El Gato Vivomuerto

Sunday, September 27, 2009

A mí ya no me sangran las rodillas.


Porque me he caído. Tanto y tan fuerte. Una y otra vez, sobre loza, sobre madera y sobre asfalto. Y se han arrastrado, tanto y tan lejos.

Por patinar detrás de los autos. Por perseguir mototaxis, por tratar de saltar charcos en bicicleta. Por jugar en el mar, por saltar muy lejos, por tratar de volar.

Eso es lo que termina ocurriendo cuando aparecen cicatrices sobre las cicatrices.

Pero ¿qué significa que no sangren mis rodillas? No sé si es bueno o malo. Es útil para no ensuciar con sangre la ropa aunque igual termine rompiéndose.

Sin embargo, el dolor no ha desaparecido. Y ahora que ya no hay sangre para justificar el llanto, está prohibido llorar.

No vayan a decirle a una debilucha.

Vamos afuera, la lluvia,
mojara
la cara, el traje.
Vamos afuera,
saltaremos
los charcos,
y al mirar el cielo
se nos llenaran los ojos
de agua y de contento

Sunday, September 20, 2009

Canción desafinada para tu muerte.

Tú me enseñaste a ser cauta, a pensar antes de hablar y a hablar sin pensar sólo en ocasiones especiales. Desde siempre quise parecerme más a ti y menos a ellos.
Y todavía te recuerdo, la temperatura exacta de tus abrazos, el olor de tu colonia, la textura de tus manos.

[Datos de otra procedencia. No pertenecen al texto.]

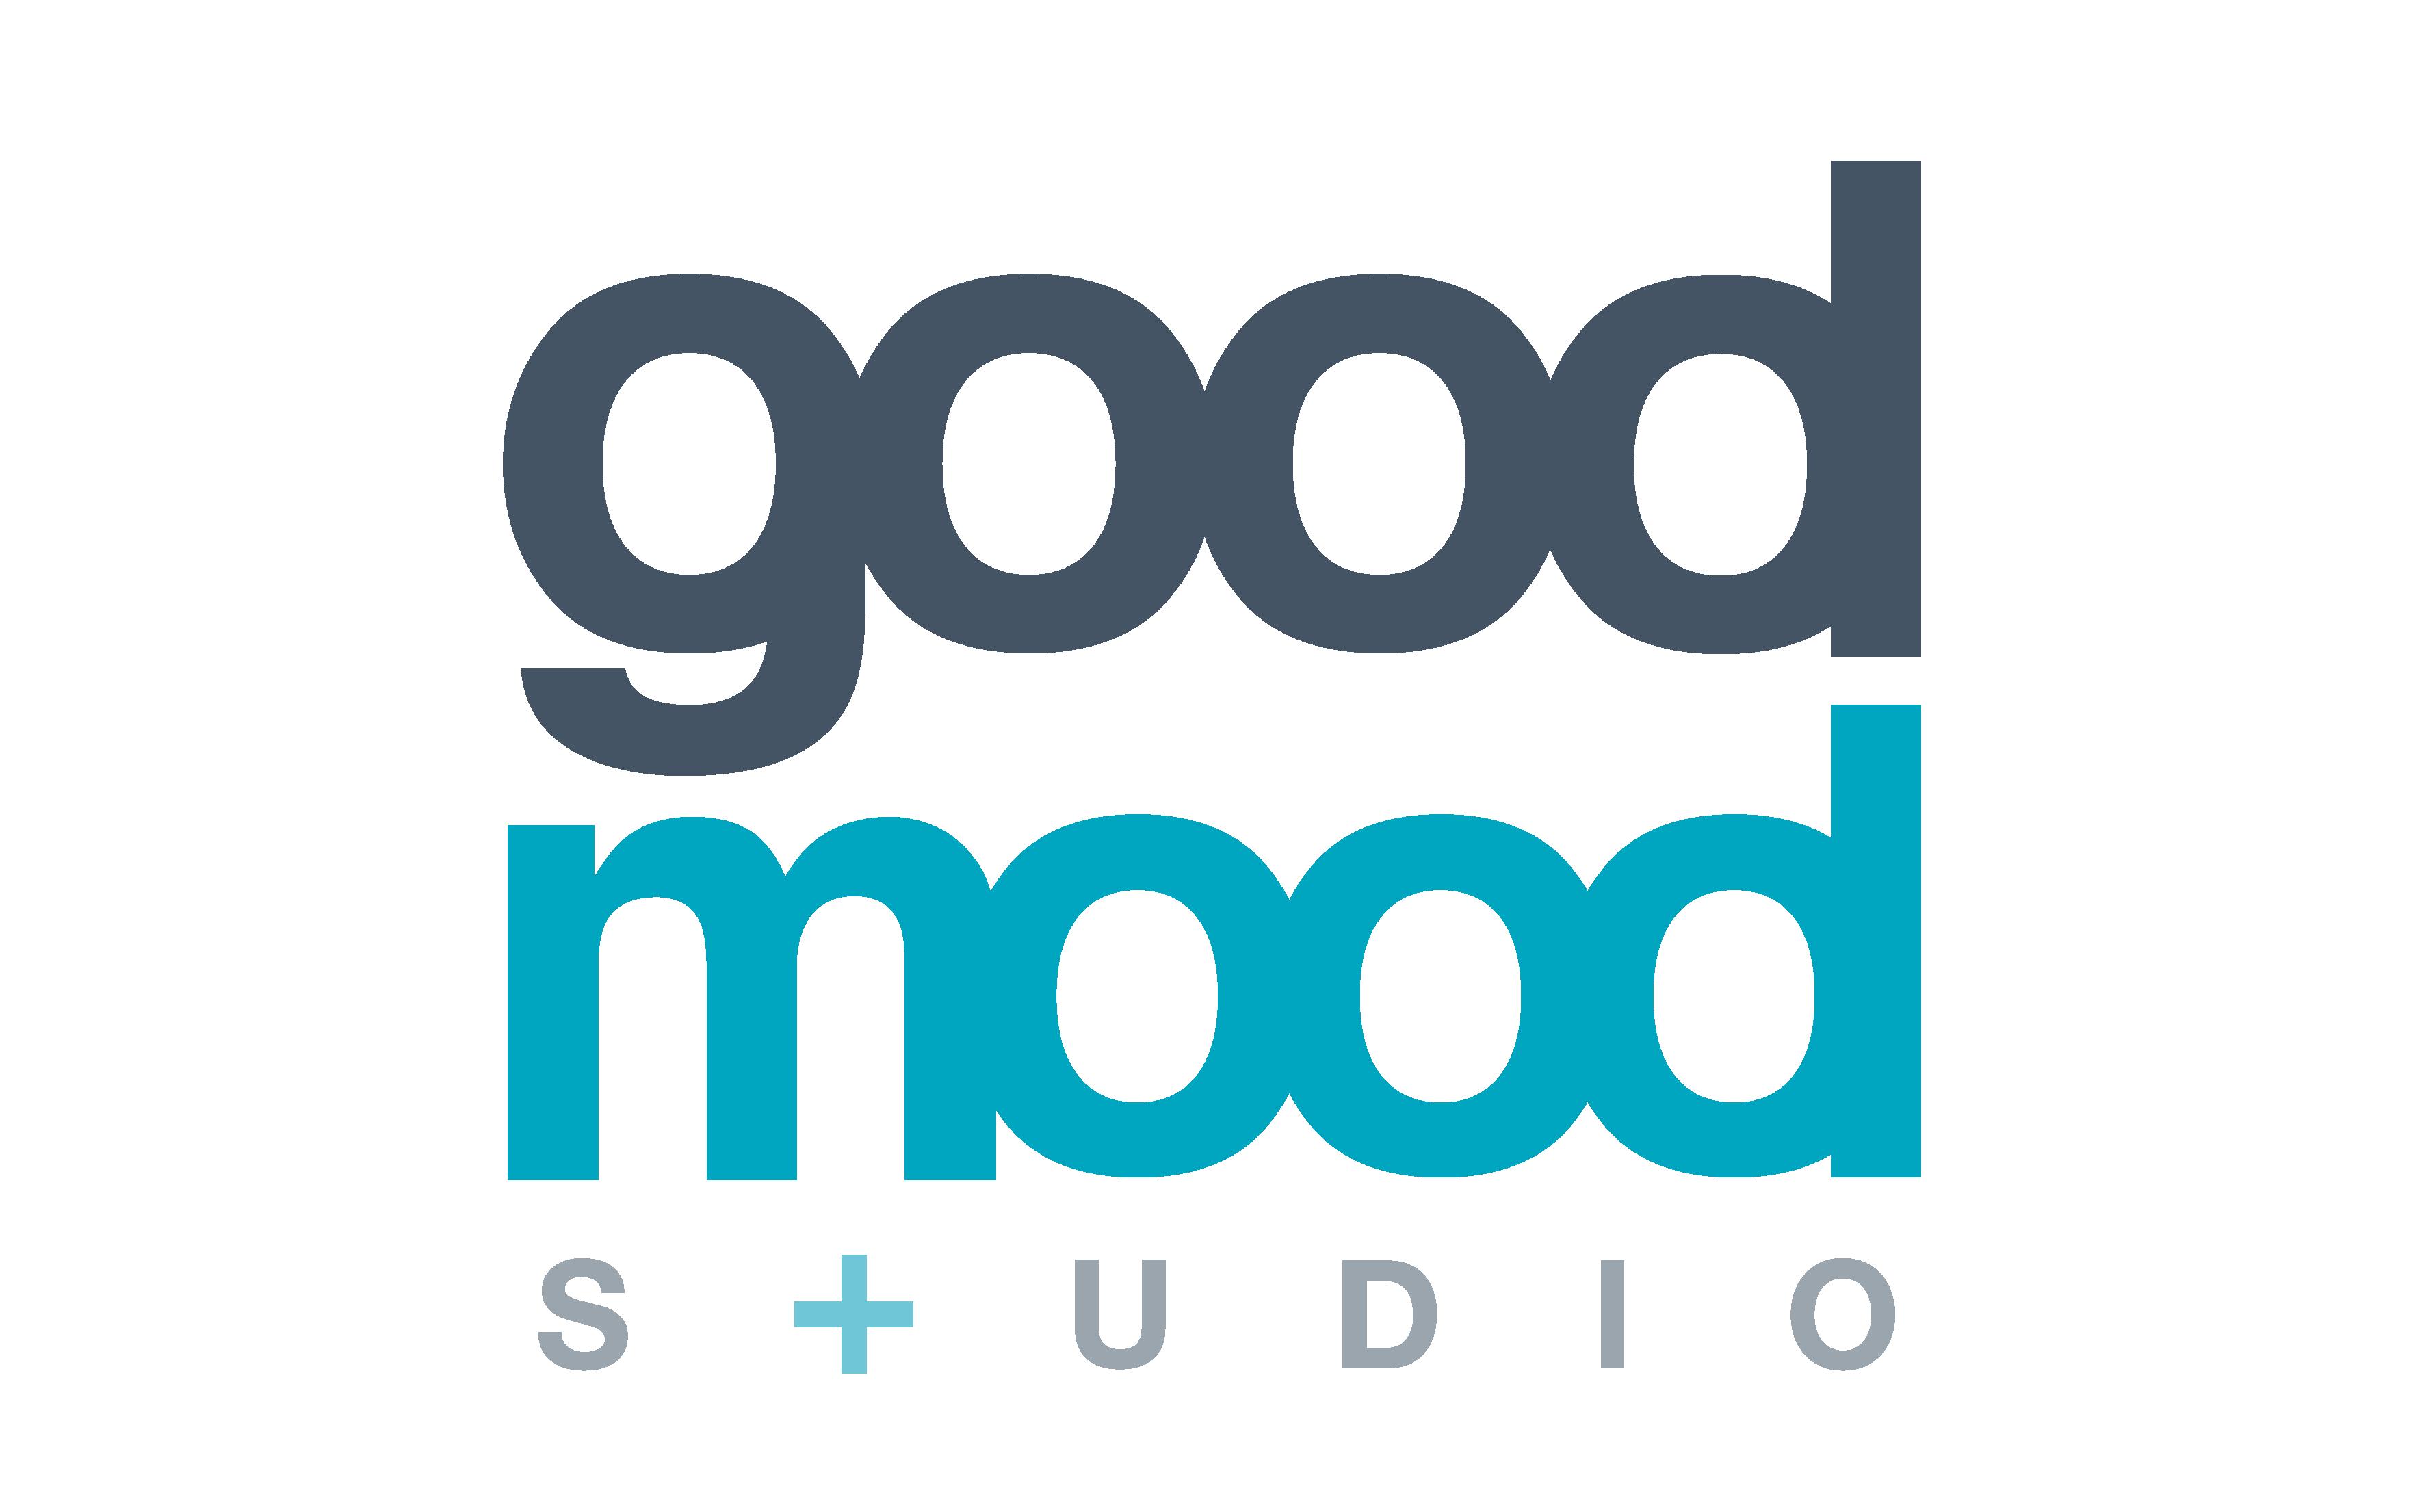 Good Mood Studio - Kreatywne studio mebli kuchennych

Ignoro qué es lo que hace falta para dejar de sentir pena.

No puedo borrar tu imagen en esa sala de cuidados intensivos, dormida, sedada, helada. Cuando pasé horas hablándote de cojudeces sin importancia, cuando te decía cuánto te quería casi a gritos. Desesperada porque lo escuches.

Y sin mentirte ni un poquito, hasta ahora me duermo mirando el techo y puteando porque sea verdad que a veces los muertos aparecen. Porque tenemos conversaciones pendientes.

No hemos hablado de que Velásquez Quesquén sea primer ministro, no te he contado que otra vez tuve enamorado y otra vez resultó ser un pobre diablo. No hemos hablado de lo bien que le está yendo a mi hermano en la vida. No has visto los últimos discos que me he comprado, no te he enseñado aún a escribir correos electrónicos.

Yo sabía que si te internabas en un hospital, ya no ibas a salir. Me acuerdo que me lo advertiste cuando te sugerí que vayas al médico.
Pero no hice nada. Al contrario, me alivió que te hayan llevado, porque creí que te curarían.

Solo fue hasta que mi papá me dijo un día a las siete de la noche que tenías neumonía que me di cuenta de que nos habíamos equivocado.

A partir de ahí, todo fue demasiado rápido. Pasaje de avión, permiso en el trabajo, frío. Ni siquiera empaqué ropa negra, creí que sería de mala suerte.

Y te vi tendida en cuidados intensivos, viva. Al día siguiente volví a verte, pero ya no estabas viva.

Muerta te quité las sábanas con las que te envolvieron. Tu cuerpo hinchado hacía una mierda ponerte el conjunto gris que la tía Charo escogió.

Imposible llorar.

El tío Miguel había lustrado tus zapatos esa misma noche. Y yo no podía encontrar la manera de peinarte como siempre te peinabas tú. Ni maquillarte como siempre te maquillabas tú.

Y aunque todos digan que eras una cascarrabias, yo podía entender que quisieras que todo se haga como lo harías tú, y por eso tengo que pedirte mil perdones porque no pude peinarte exactamente como tú lo hubieras hecho.

¿Me extrañas? ¿Aunque sea un poco?

Extráñame, porque así tendrás ganas de visitarme. Y yo prometo mirar tu foto todos los días para nunca confundirte con nadie más.

Aunque sea acomódame el pelo mientras duermo, o arrópame para que no me de frío. O ponme limón en la cabeza para que no se me calce la frente, o mentholatum en los labios para que no se partan.

Yo misma prepararé el mate de muña para que “no me patee la altura”, Betty.
Mira todo lo que te extraño, ¿por qué no regresas, mejor? Y la pasamos de puta madre como siempre.